同条約は不平等条約としても知られる。開国間もない日本は手練手管の欧米諸国から見たら赤子も同然で、不平等条約を結ばせるのは朝飯前だっただろう。だから条約の改正交渉は新設外務省の重要な仕事ともなった。そして25年後の明治27年7月16日、日英通商航海条約が調印の運びとなり、これにより条約交渉は大きく進展したといわれる。ここにはヴィクトリア女王の端正なサインがあった。
思わず釘付けになったのは、昭和20年7月20日の駐ソ連大使、佐藤尚武が外務大臣、東郷茂徳に宛てた終戦意見電報である。
《満州事変以前ヨリ余リニモ外交ヲ軽侮シ国際関係ニ無頓着ナリシコトカ即チ今日ノ禍ヲ招キタル原因タリ(中略)防共協定以来ノ我対外政策ハ完全ニ破綻セリ…本使ハ率直ニ今次戦争ノ将来絶望トナリタル事実ヲ認識スルヲ要ストナスモノナリ(中略)無益ニ死地ニ就カントスル幾十万ノ人命ヲ繋キ以テ国家滅亡ノ一歩前ニ於テ之ヲ食止メ七千万同胞ヲ塗炭ノ苦ヨリ救ヒ民族ノ生存ヲ保持センコトヲノミ念願ス》
電文はまだまだ続く。政府の所信に反することを知りながらこれを言う以上、自分は罪の甚大さを自認するし、敗戦主義者として非難されても結構、どのような責任を問われても受けよう…など等。初めて目にする極秘電報。それにしてもこんな気骨ある外交官がいたとは。

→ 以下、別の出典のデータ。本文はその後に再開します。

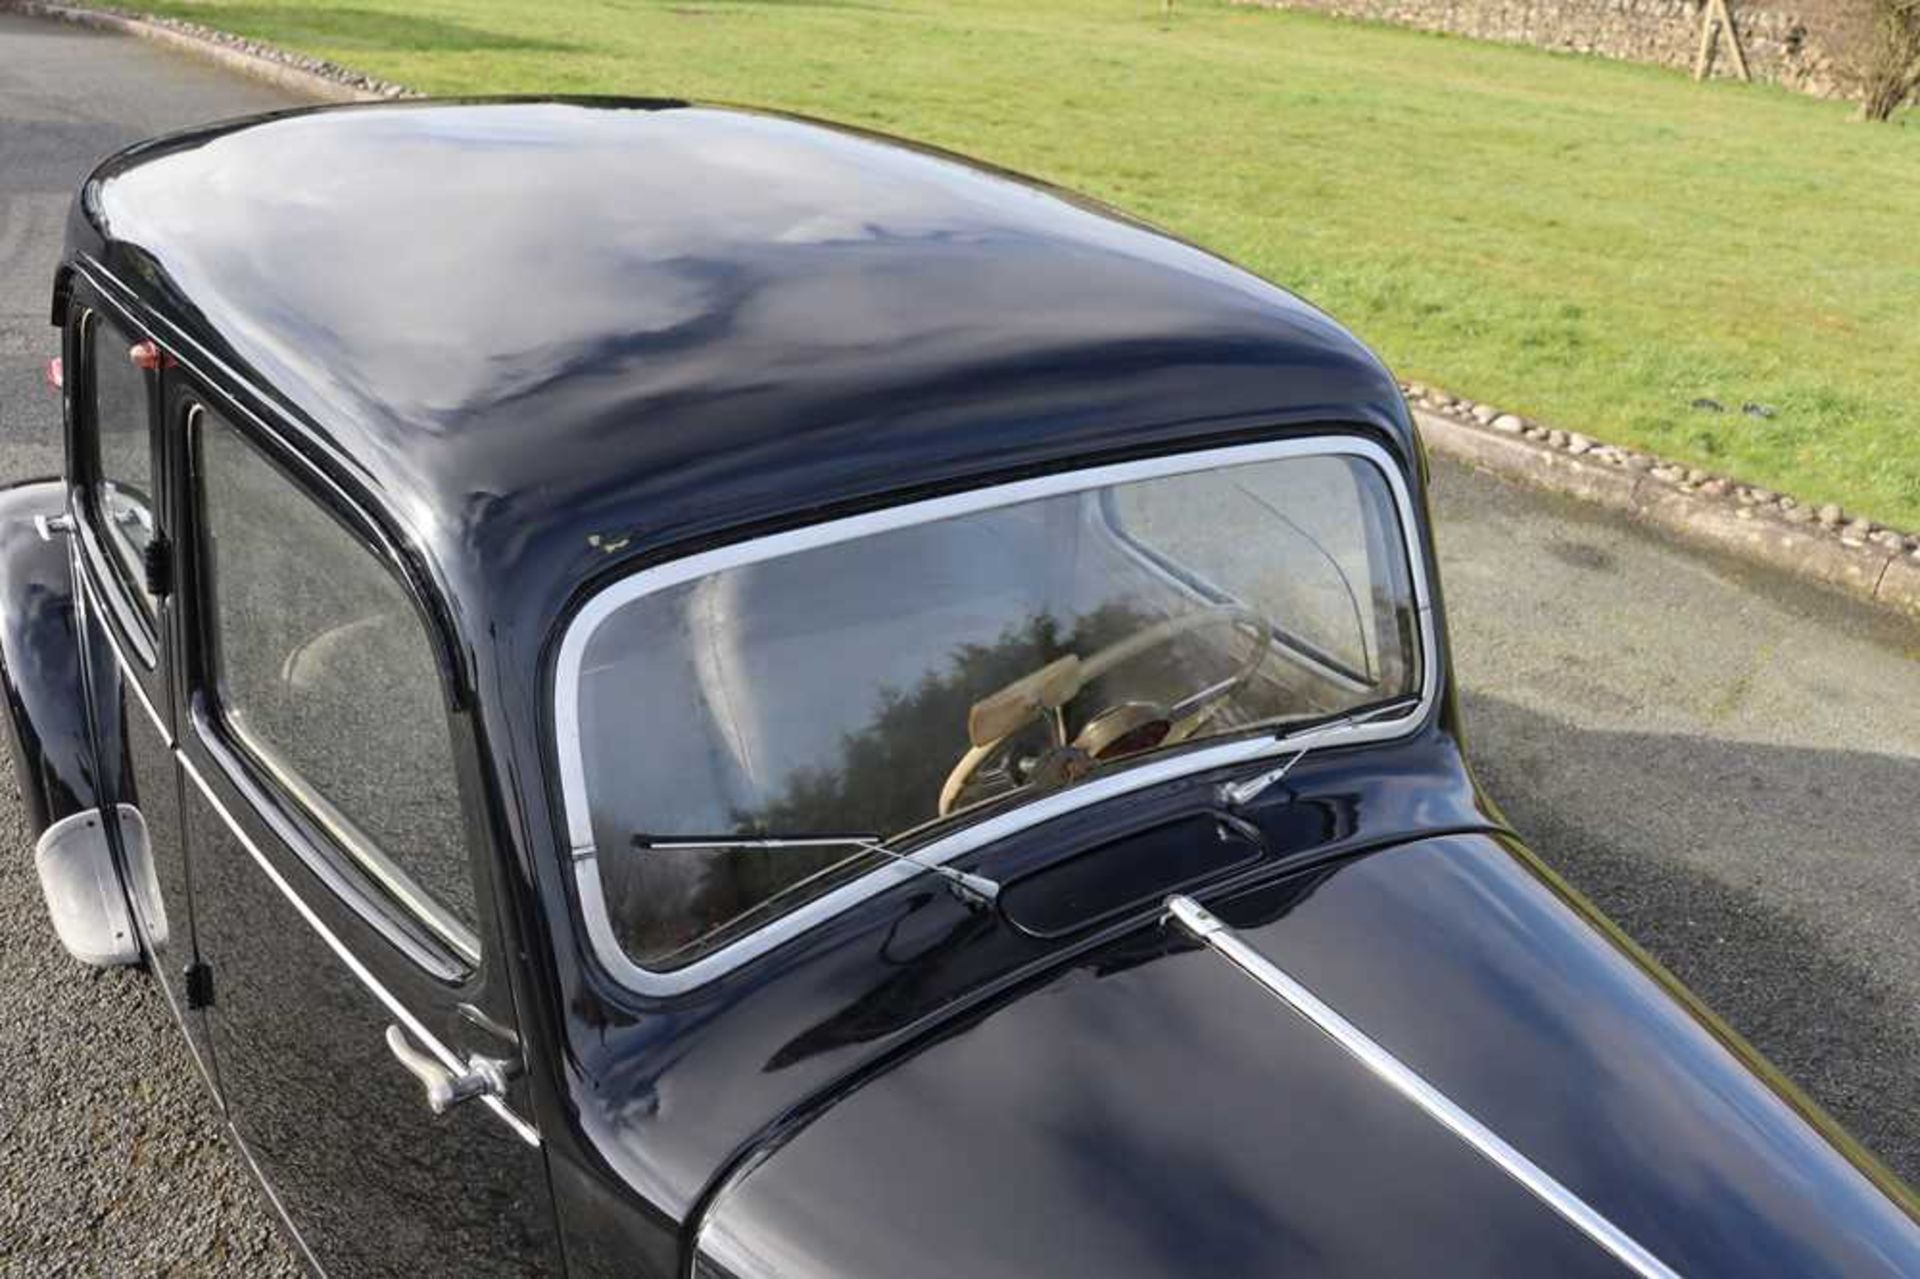 1952 Citroën 11BL Traction Avant In current ownership for over 40 years - Image 23 of 60

もっとも先の戦争では開戦、継戦、終戦のさまざまな局面で、少なからぬ人々が反対や異議申し立てをし、和平を試みた。問題はそれにもかかわらず、沖縄、広島、長崎の悲劇に至るまで誰も破局を食い止めることが出来なかったことであり、そこに失敗の本質がある。終戦工作ひとつとっても後手に回り、時すでに遅く、情勢判断は甘かった。
見学者は私と男性1人だけというシーンとした館内で、しばし歴史に浸り立ち尽くして外へ出ると午後の日差しが眩しかった。

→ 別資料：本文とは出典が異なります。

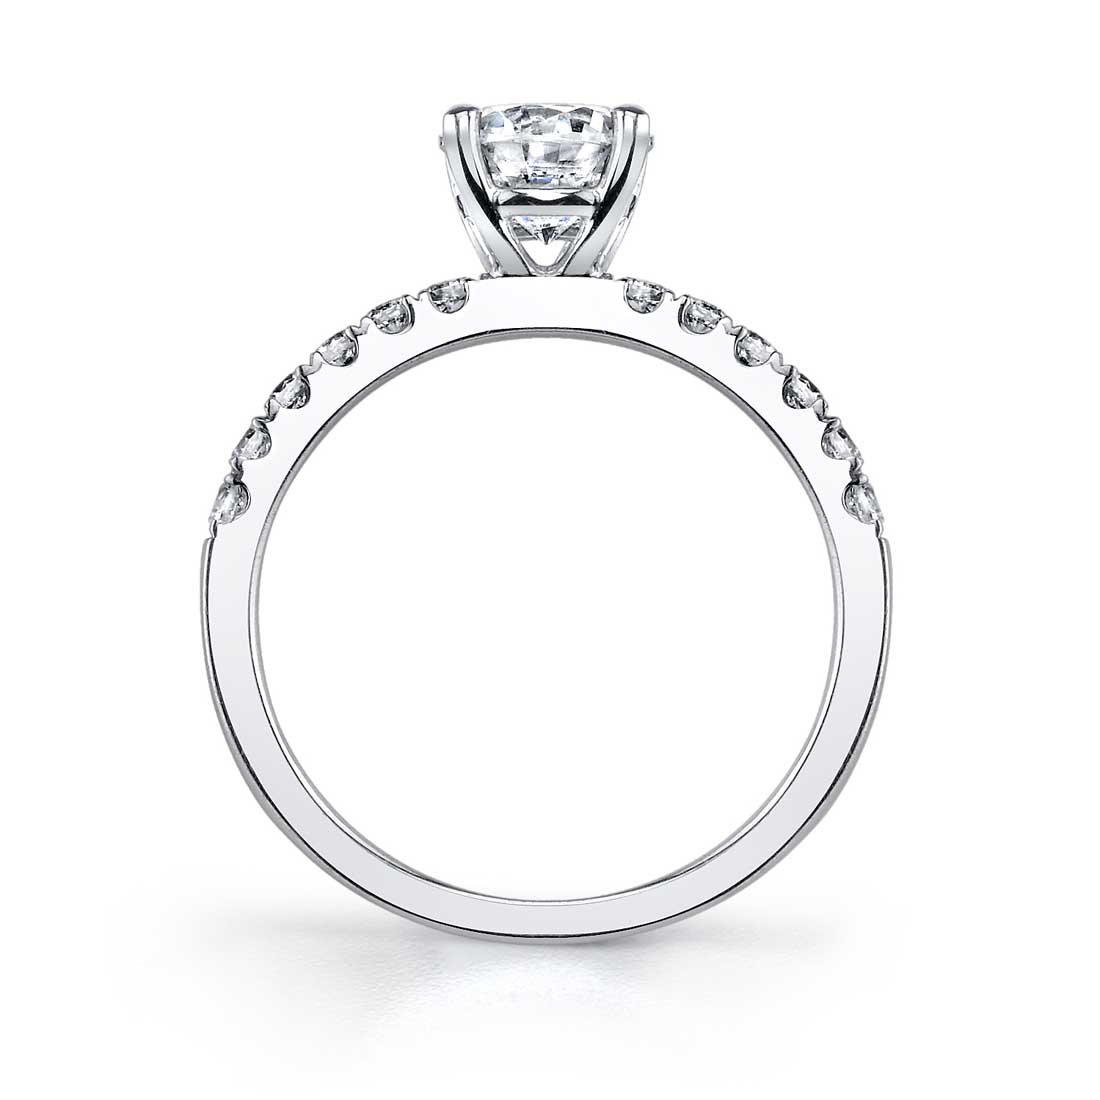 Profile Image of a Round Classic Engagement Ring

さて新しい令和の時代の日本外交はどうあるべきだろうか。今や先進国と途上国とを問わず自国第一主義とポピュリズム(大衆迎合主義)が幅を利かせ、国際協調や自由貿易の戦後国際秩序は旗色が悪い。
日本がこの風潮にどっぷり染まっていないのは救いだが、そうなる兆しがまったくないわけではない。賢く折り合い、国益に繋げていくことが求められているのだと思う。「永遠の同盟はない。あるのは永遠の国益のみ」とは英国政治家の名言である。電報の「外交の軽侮や国際関係への無頓着が禍を招いた」との文言も切実に響く。

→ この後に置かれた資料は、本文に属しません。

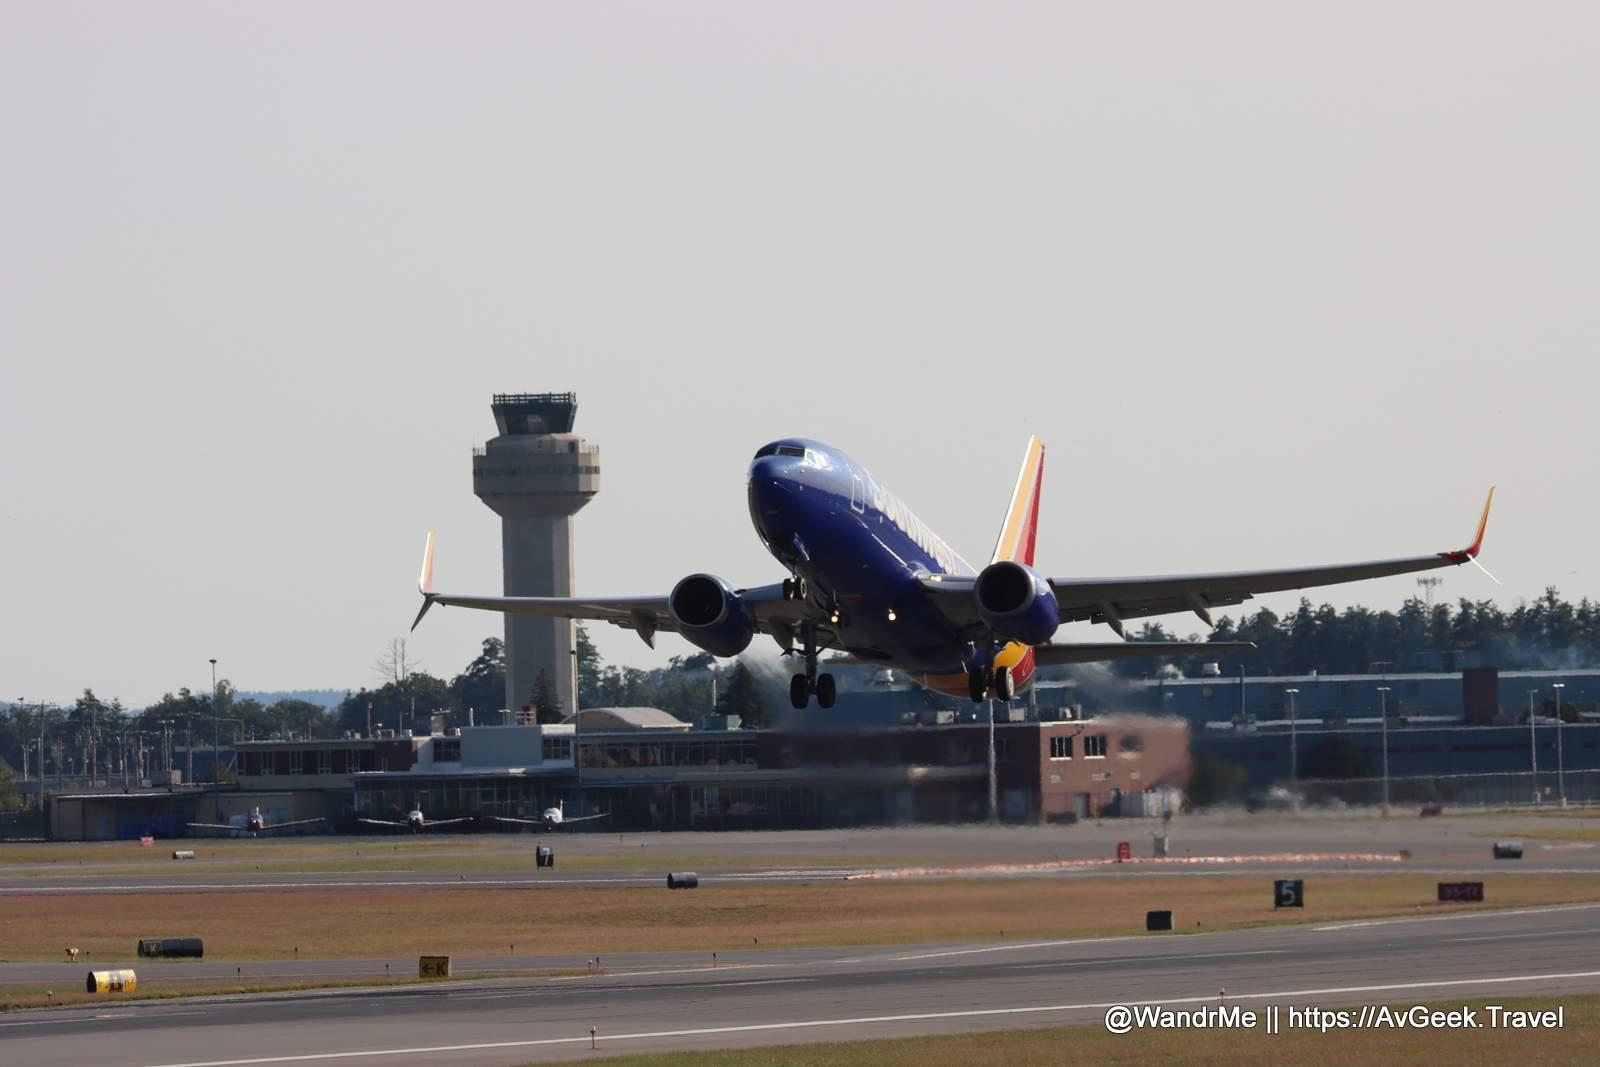 A Southwest 737-700 departing MHT on RWY 06, spotted from this location.

また多様なプレーヤーをどれだけ持てるかも外交力の内だろう。10月22日の「即位礼正殿の儀」に191か国・国際機関が参加したことに、私は日本の底力のようなものを改めて感じた。日本は国連加盟国より多い195か国と外交関係を有し、しかもその殆どが出席し、平成の御代替わりの際の160か国・国際機関から大幅増ともなった。政治と一線を画しつつも、令和の時代に皇室外交が日本と国際社会のために役割をますます増して行けば素晴らしい。
さらにラグビー・ワールドカップに続いて、オリンピック・パラリンピックというスポーツ外交も国民外交とともに重みを増している。令和の時代は「外交の国・日本」を目指したい。